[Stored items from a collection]
++++++++

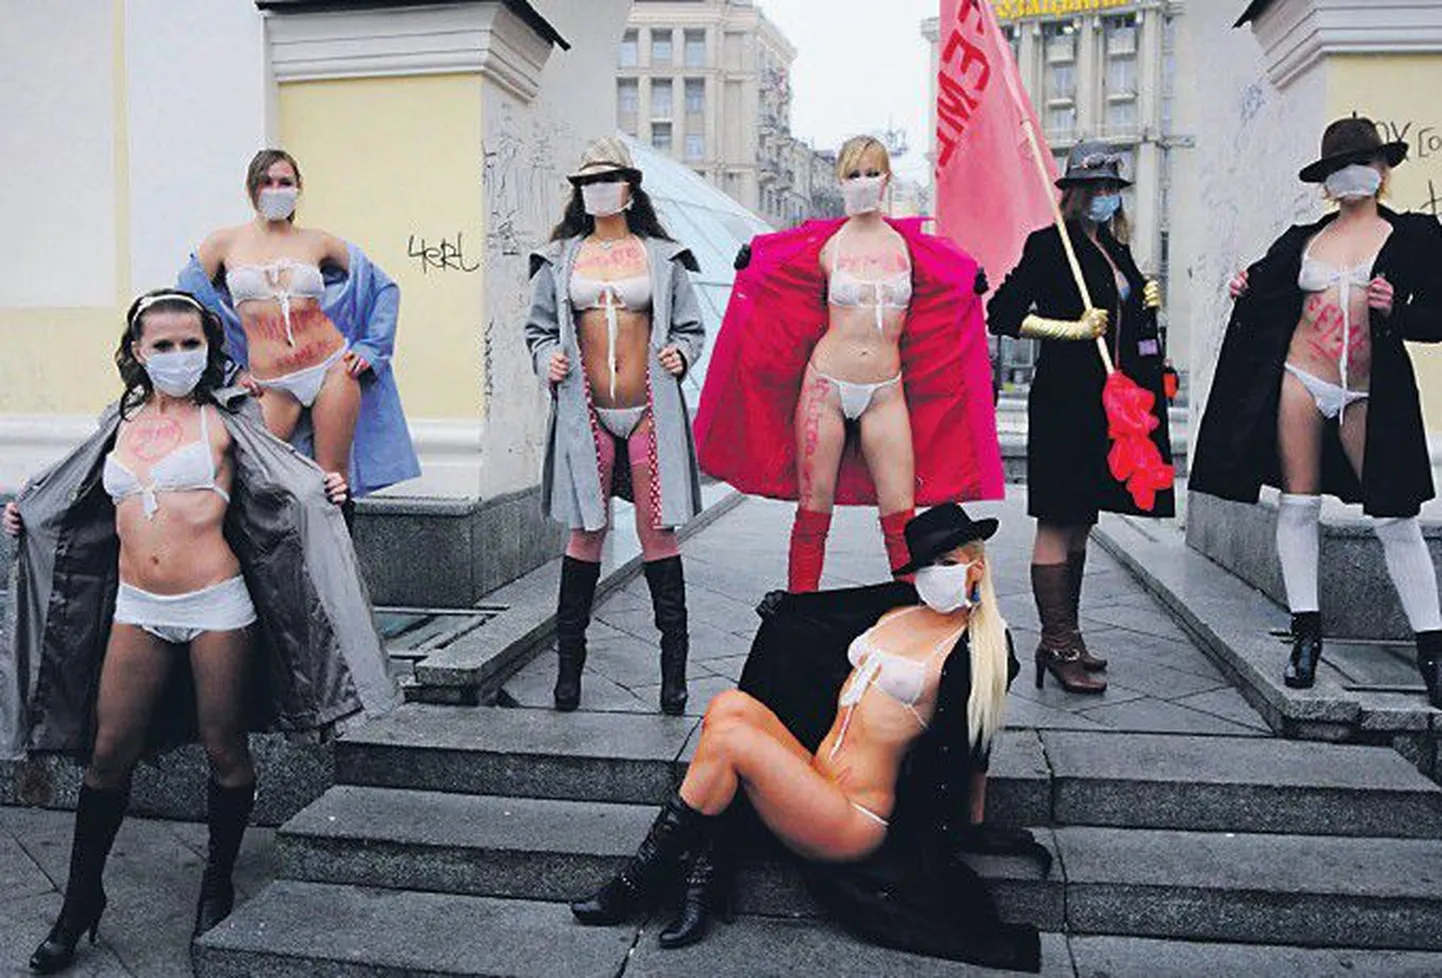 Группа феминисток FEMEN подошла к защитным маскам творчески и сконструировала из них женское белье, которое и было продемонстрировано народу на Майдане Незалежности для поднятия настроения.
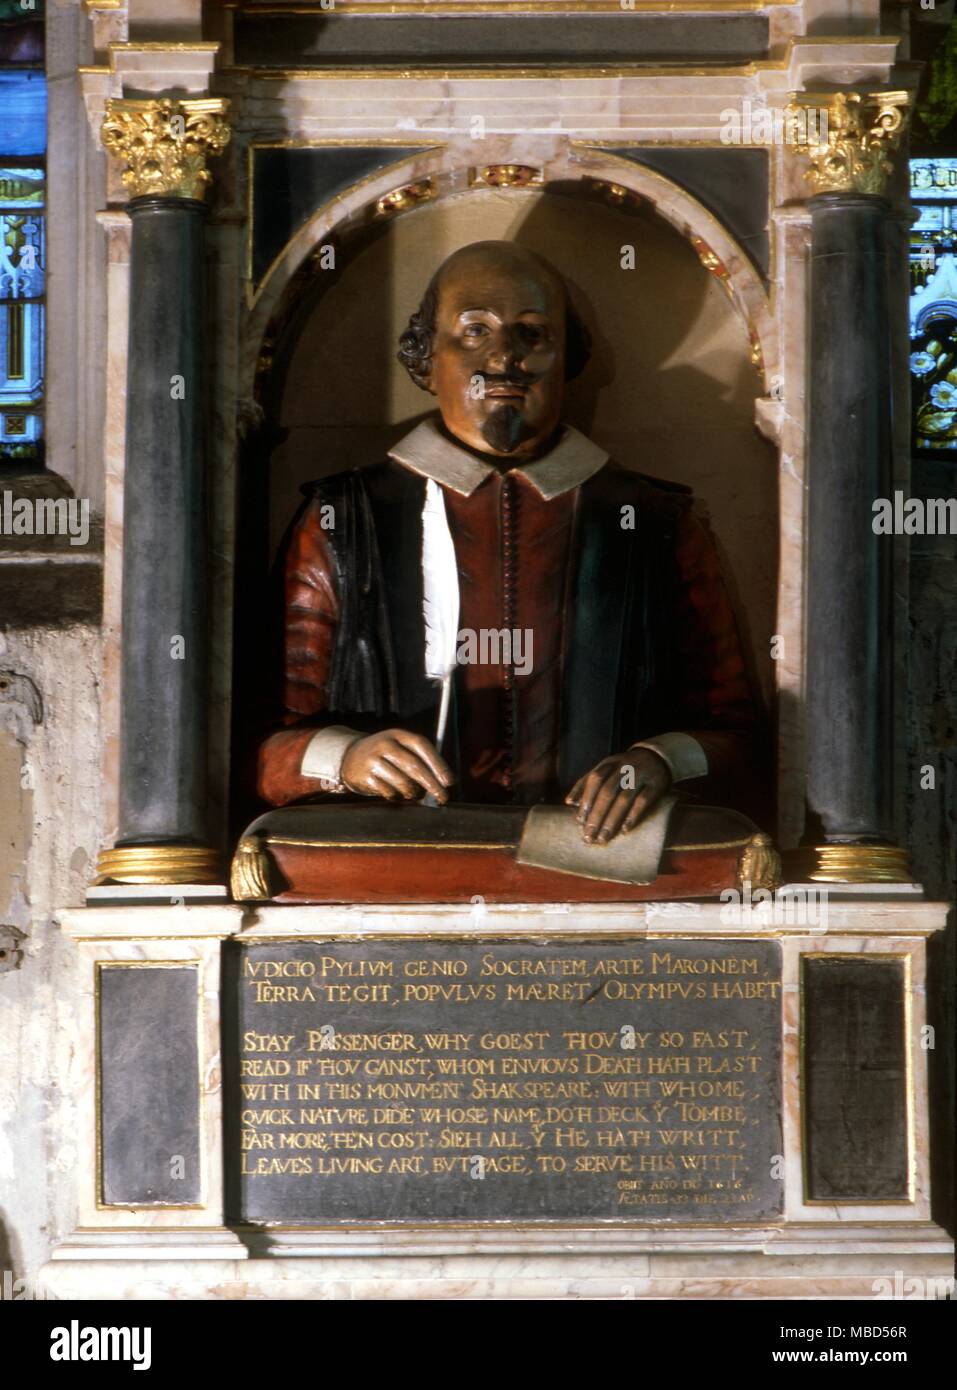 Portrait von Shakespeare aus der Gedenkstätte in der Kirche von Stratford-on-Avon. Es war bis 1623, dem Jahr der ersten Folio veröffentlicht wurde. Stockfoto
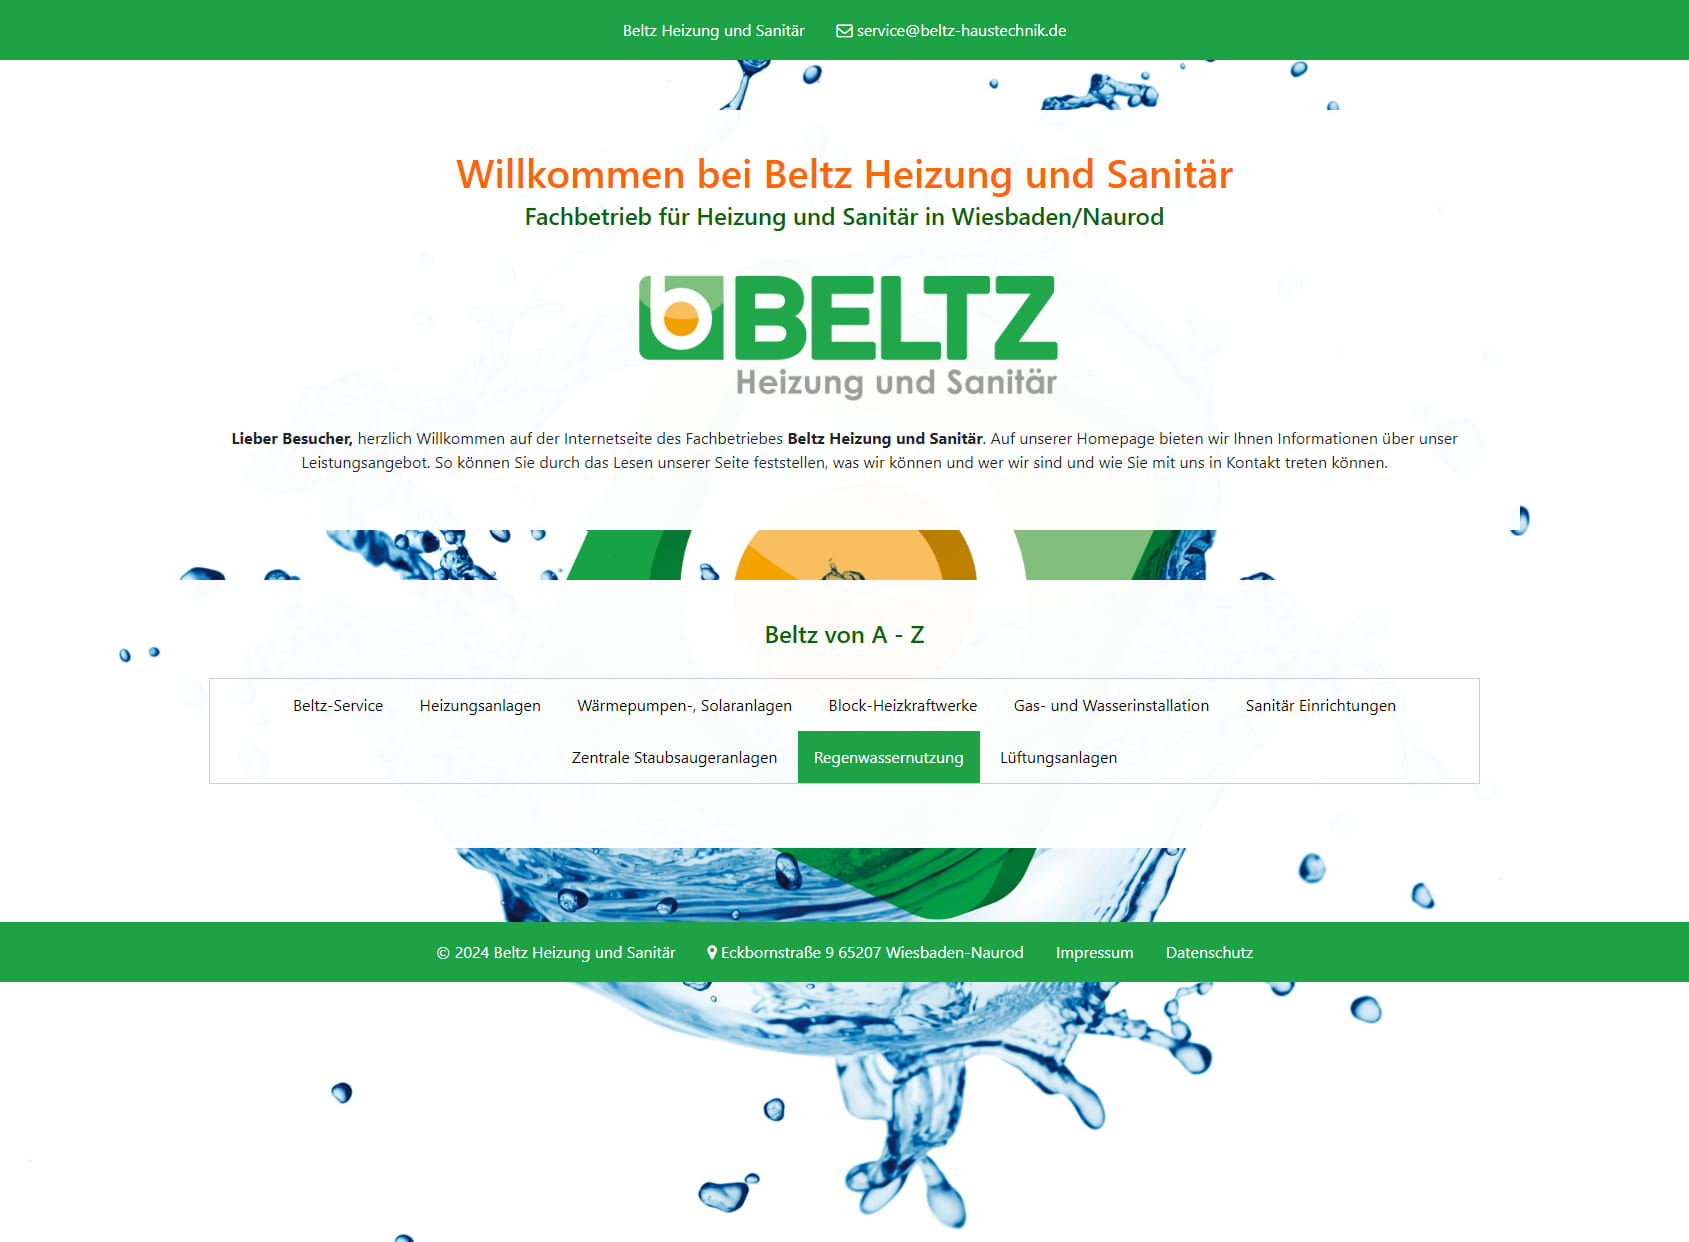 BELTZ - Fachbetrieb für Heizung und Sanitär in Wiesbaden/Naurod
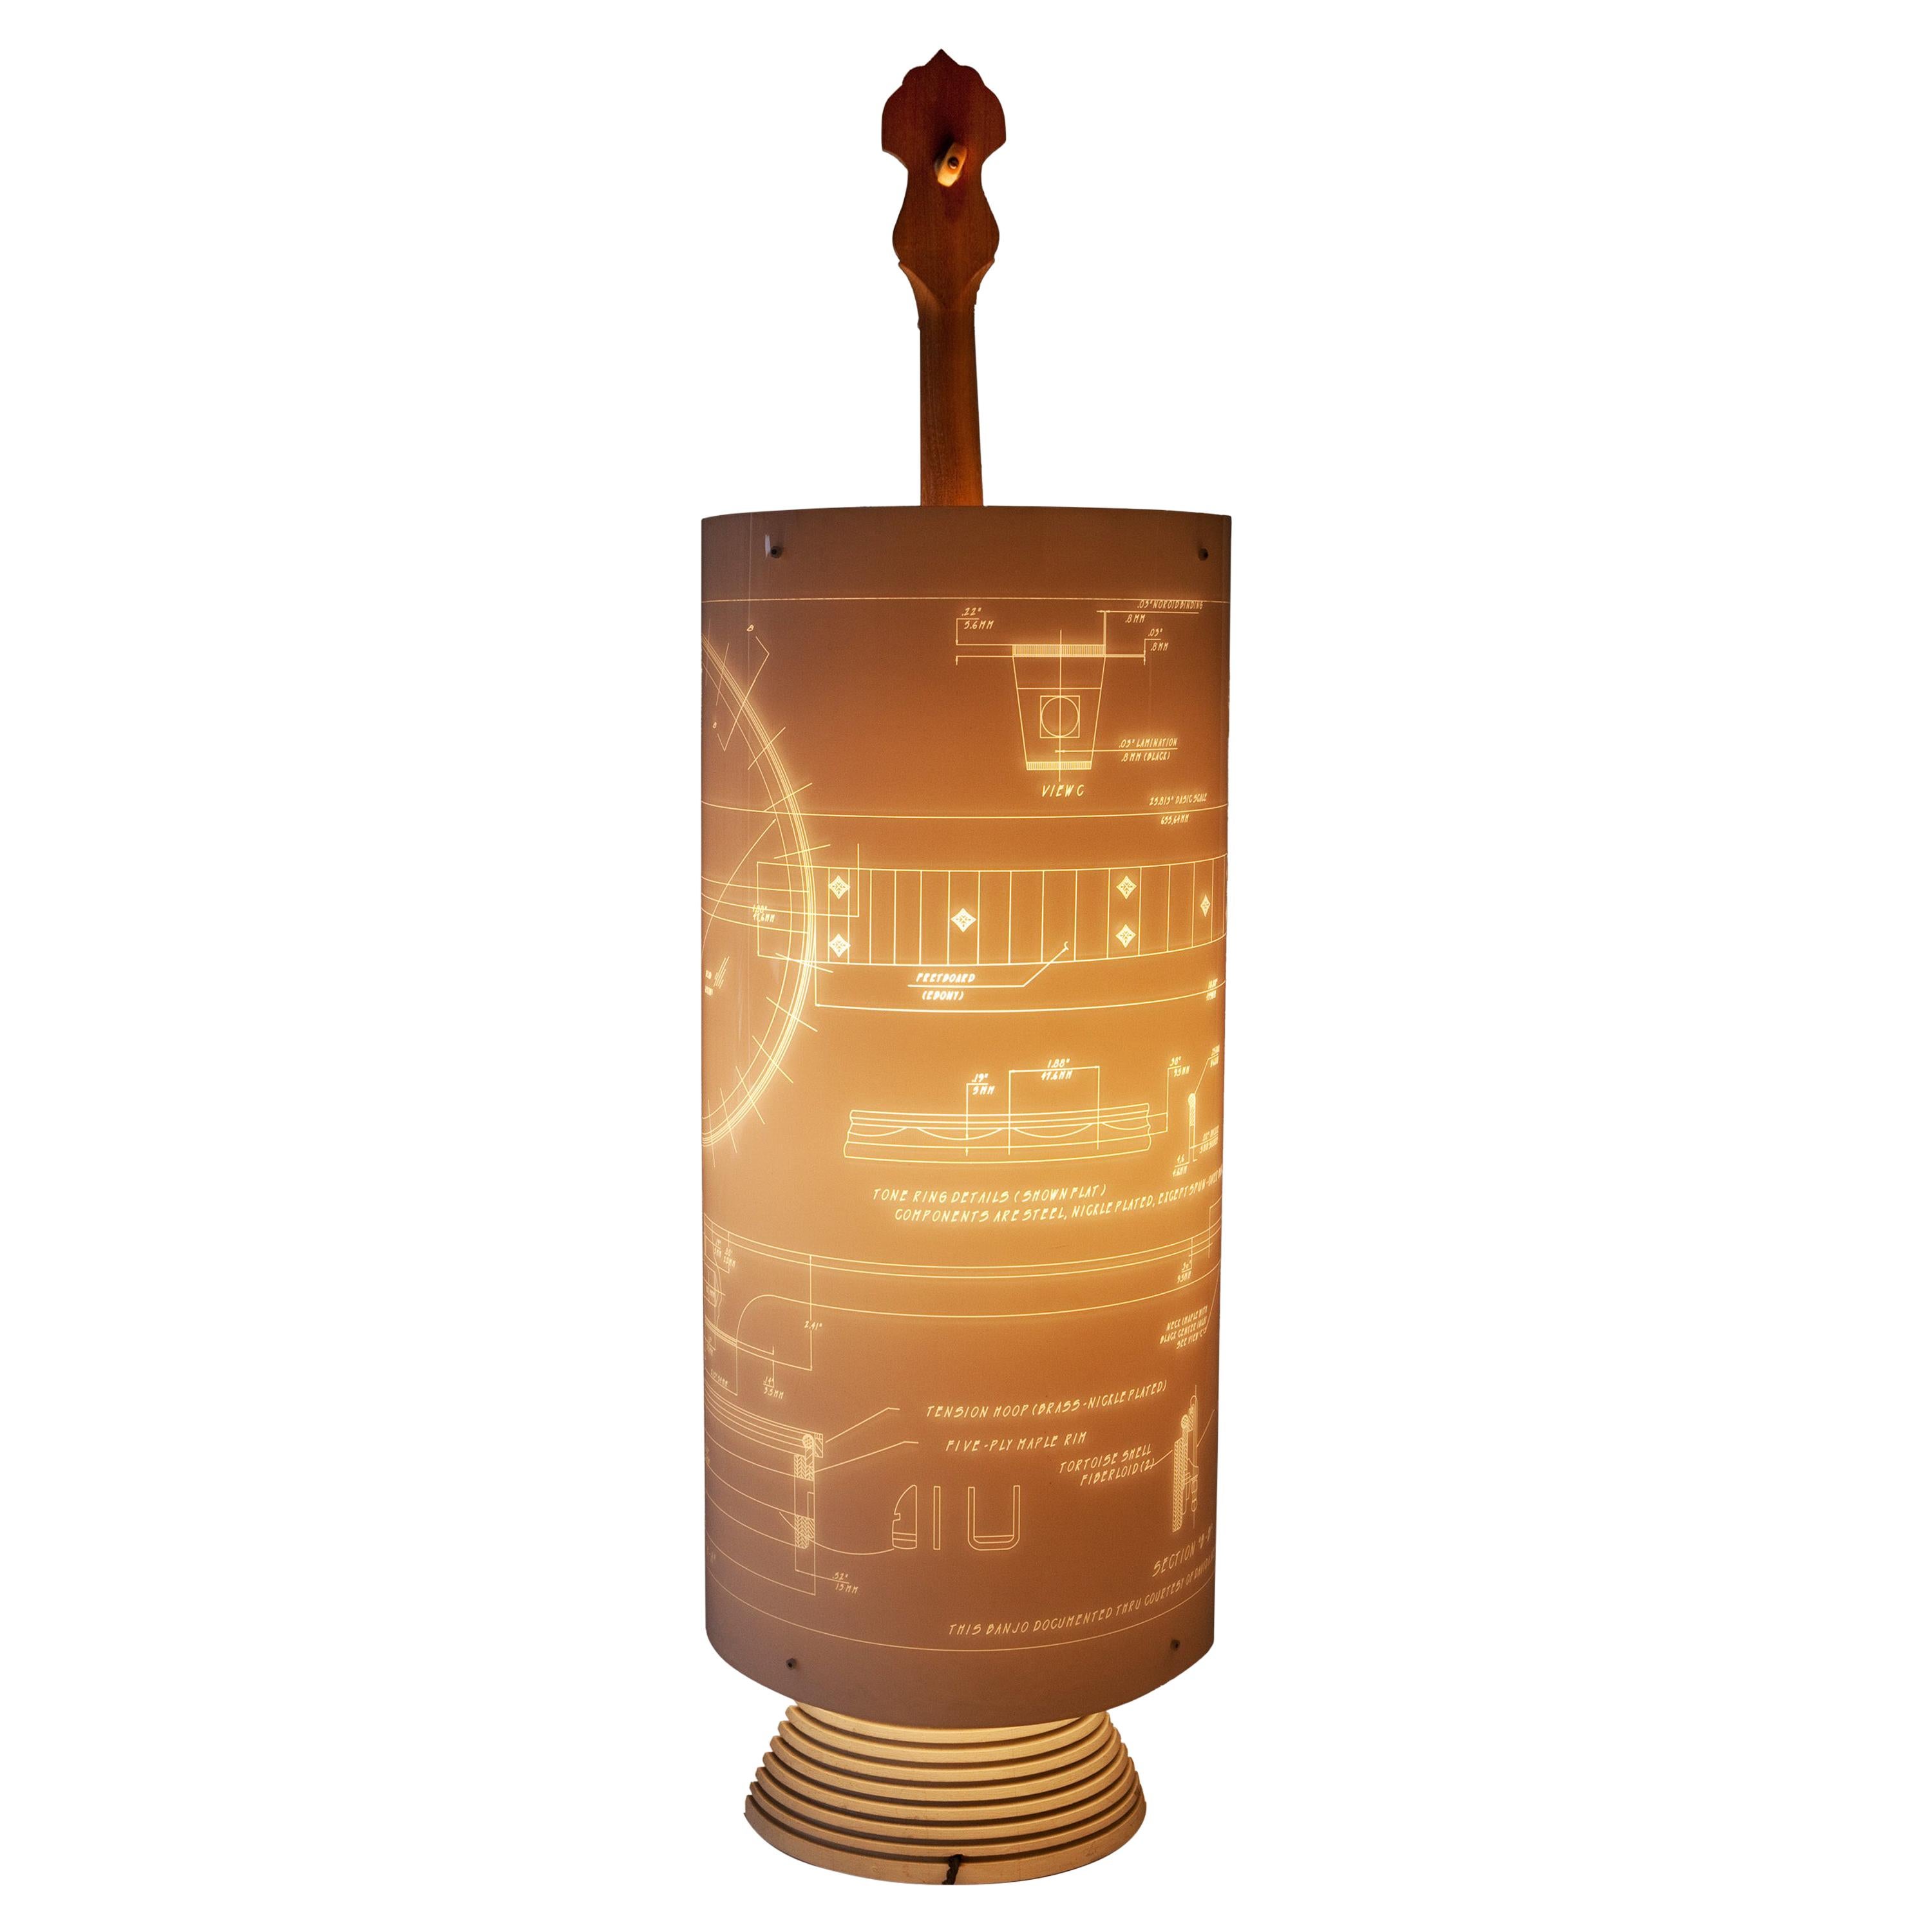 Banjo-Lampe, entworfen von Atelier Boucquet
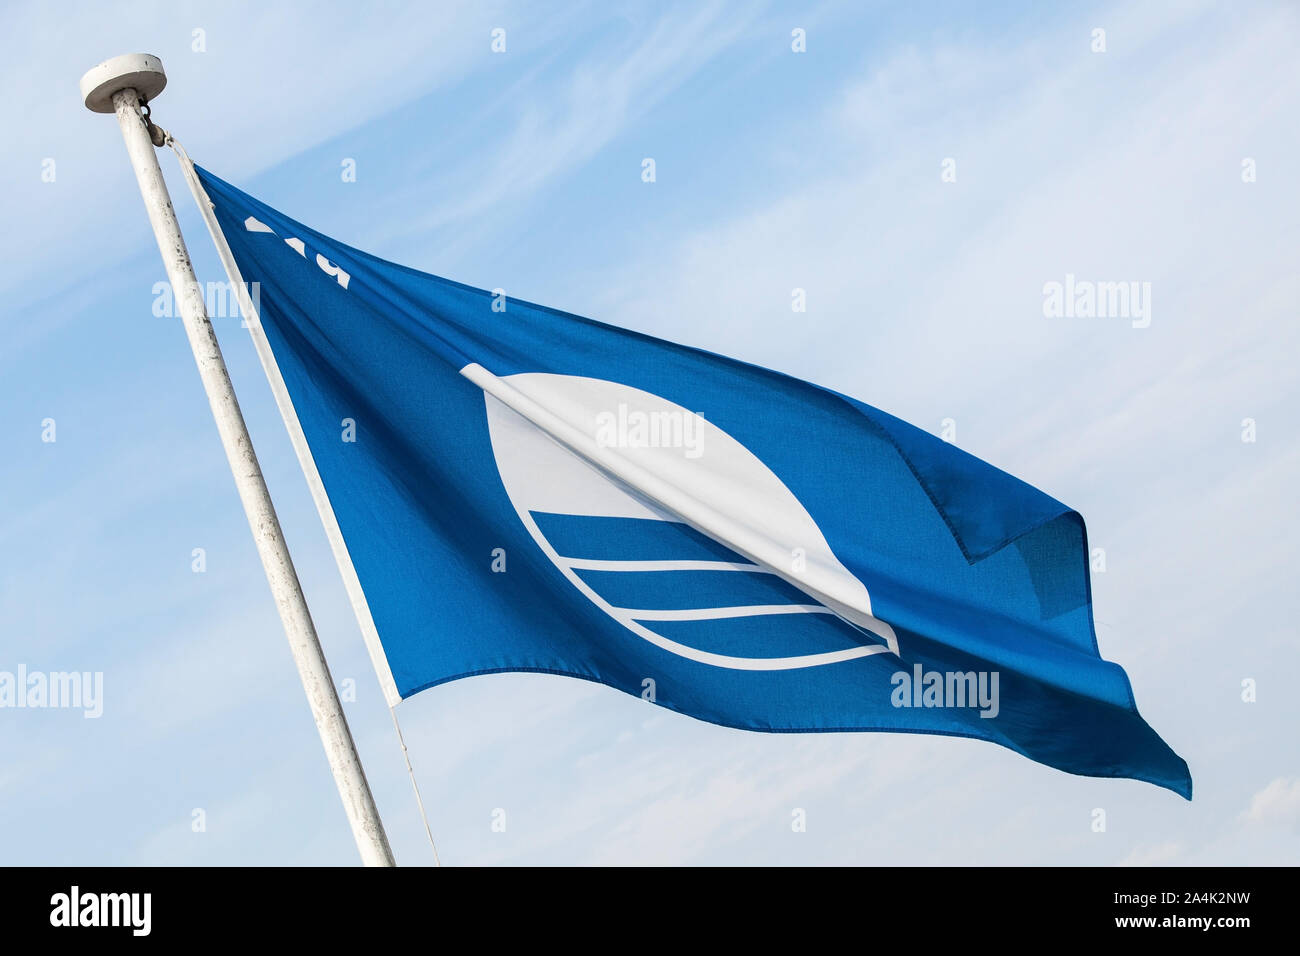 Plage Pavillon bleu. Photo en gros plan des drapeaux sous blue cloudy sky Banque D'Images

++++++++

The records above must be copied exactly, with no pictures carried over.

→ Your solution:
 Группа феминисток FEMEN подошла к защитным маскам творчески и сконструировала из них женское белье, которое и было продемонстрировано народу на Майдане Незалежности для поднятия настроения.
 Portrait von Shakespeare aus der Gedenkstätte in der Kirche von Stratford-on-Avon. Es war bis 1623, dem Jahr der ersten Folio veröffentlicht wurde. Stockfoto
 BELTZ - Fachbetrieb für Heizung und Sanitär in Wiesbaden/Naurod
 Banjo-Lampe, entworfen von Atelier Boucquet
 Plage Pavillon bleu. Photo en gros plan des drapeaux sous blue cloudy sky Banque D'Images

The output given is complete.